Data segment:

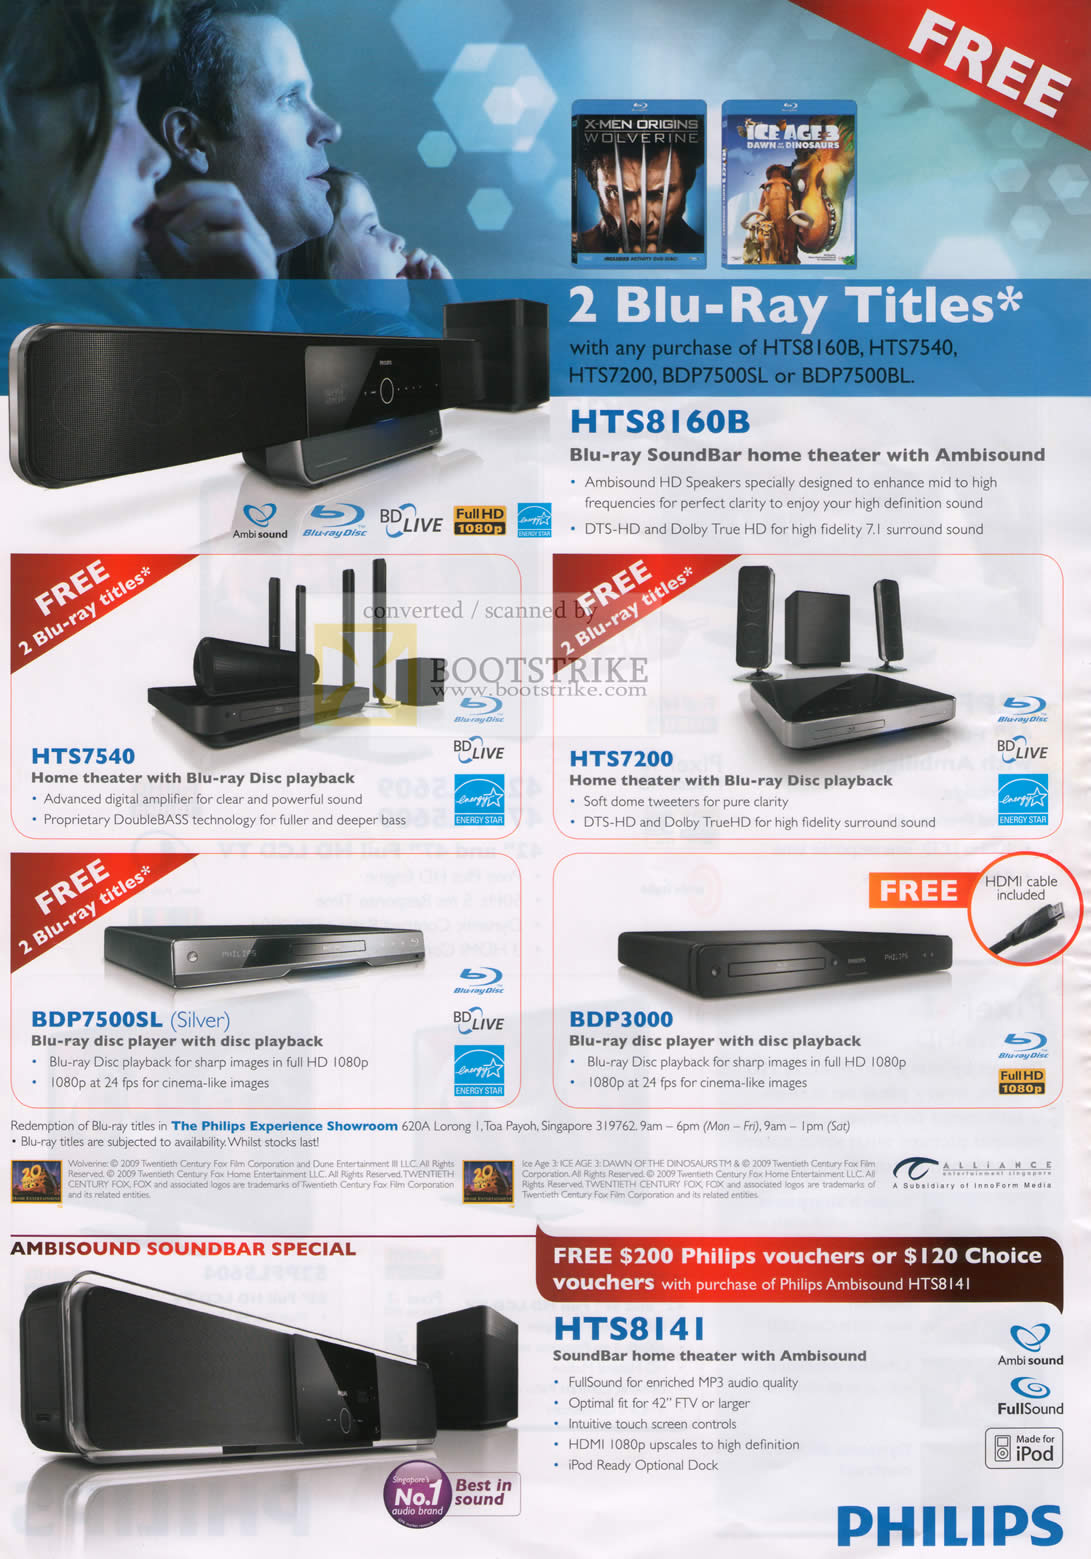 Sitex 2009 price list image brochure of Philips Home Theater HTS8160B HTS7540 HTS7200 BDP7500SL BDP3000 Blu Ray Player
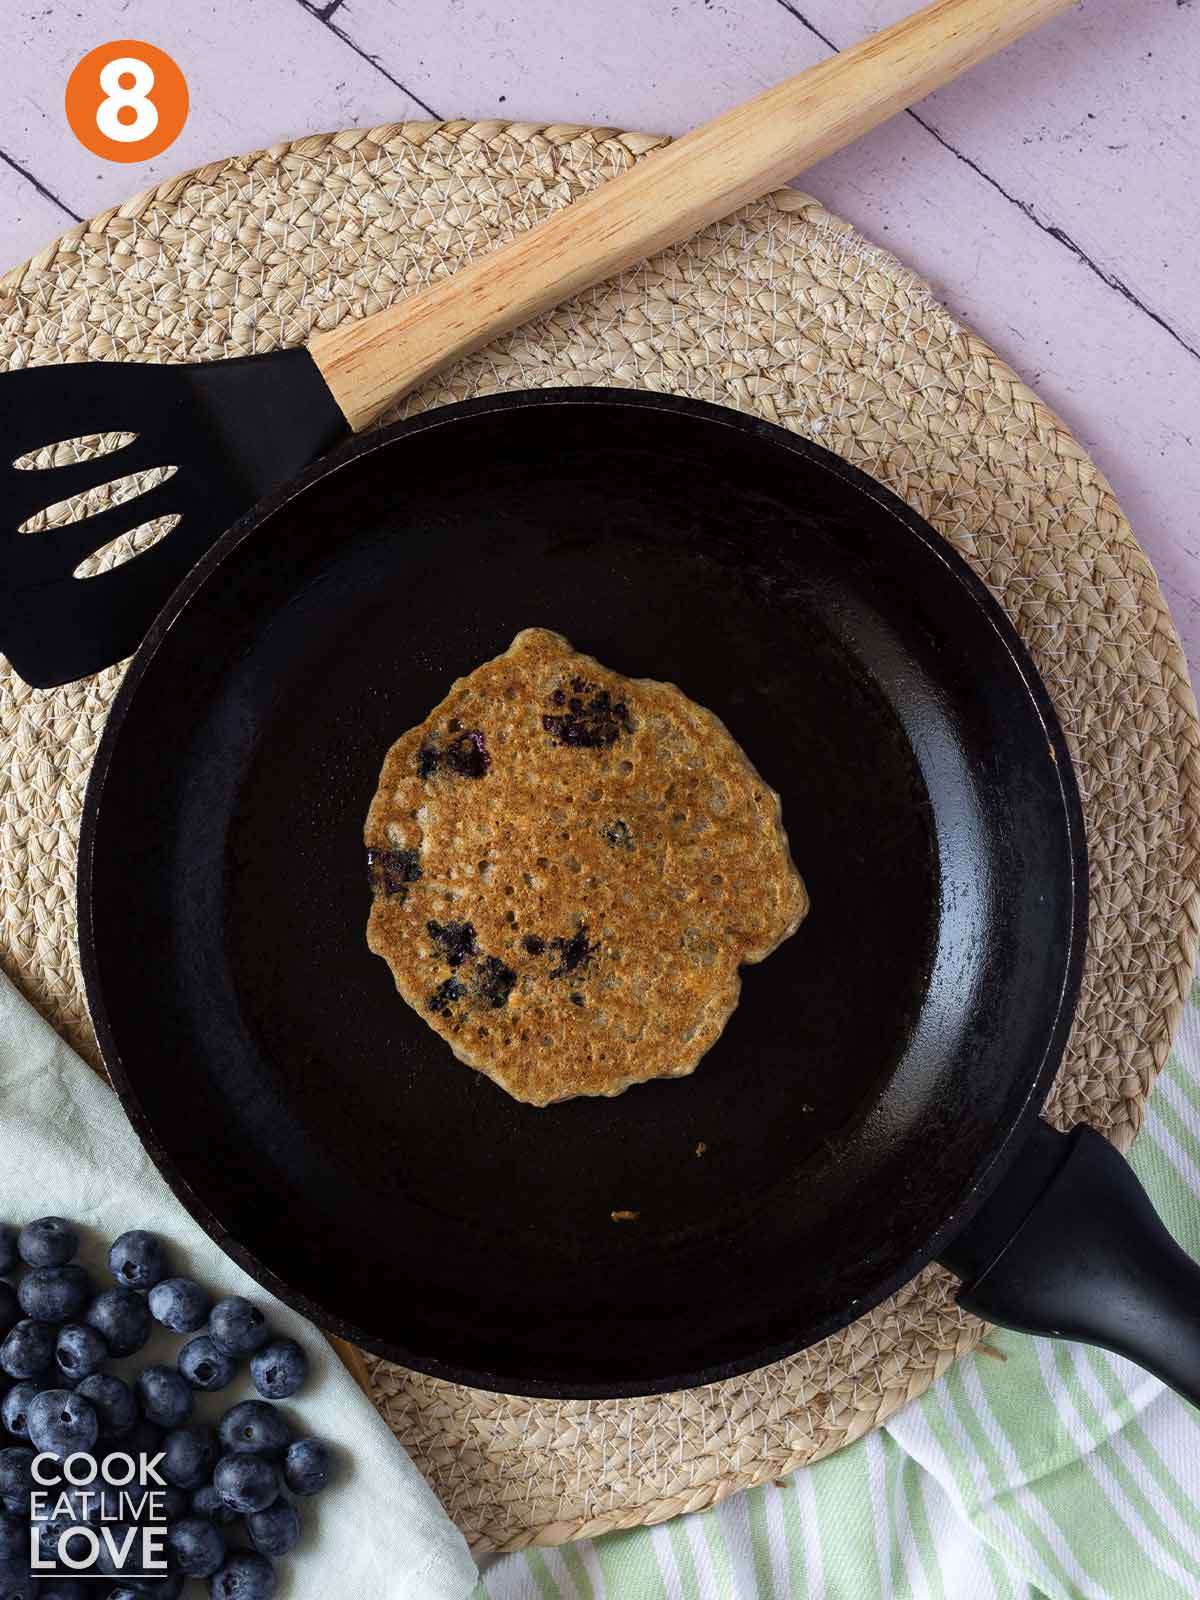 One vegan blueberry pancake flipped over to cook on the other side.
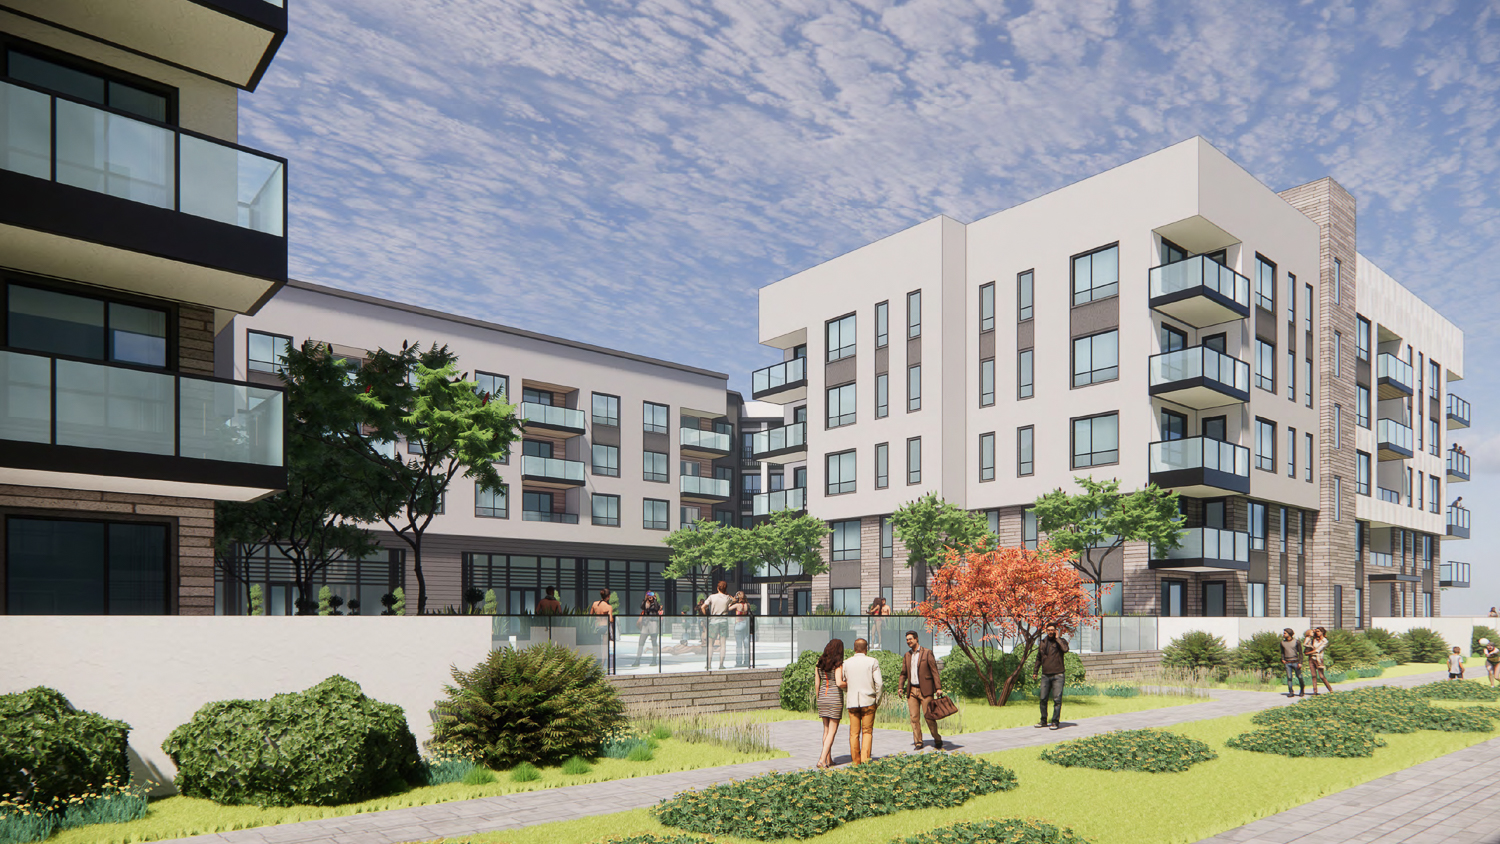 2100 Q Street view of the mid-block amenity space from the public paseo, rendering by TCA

Problem requirements: Write out the whole listing exactly. Pictures stay out.

Task output:
 Sitex 2009 price list image brochure of Philips Home Theater HTS8160B HTS7540 HTS7200 BDP7500SL BDP3000 Blu Ray Player
 One vegan blueberry pancake flipped over to cook on the other side.
 2100 Q Street view of the mid-block amenity space from the public paseo, rendering by TCA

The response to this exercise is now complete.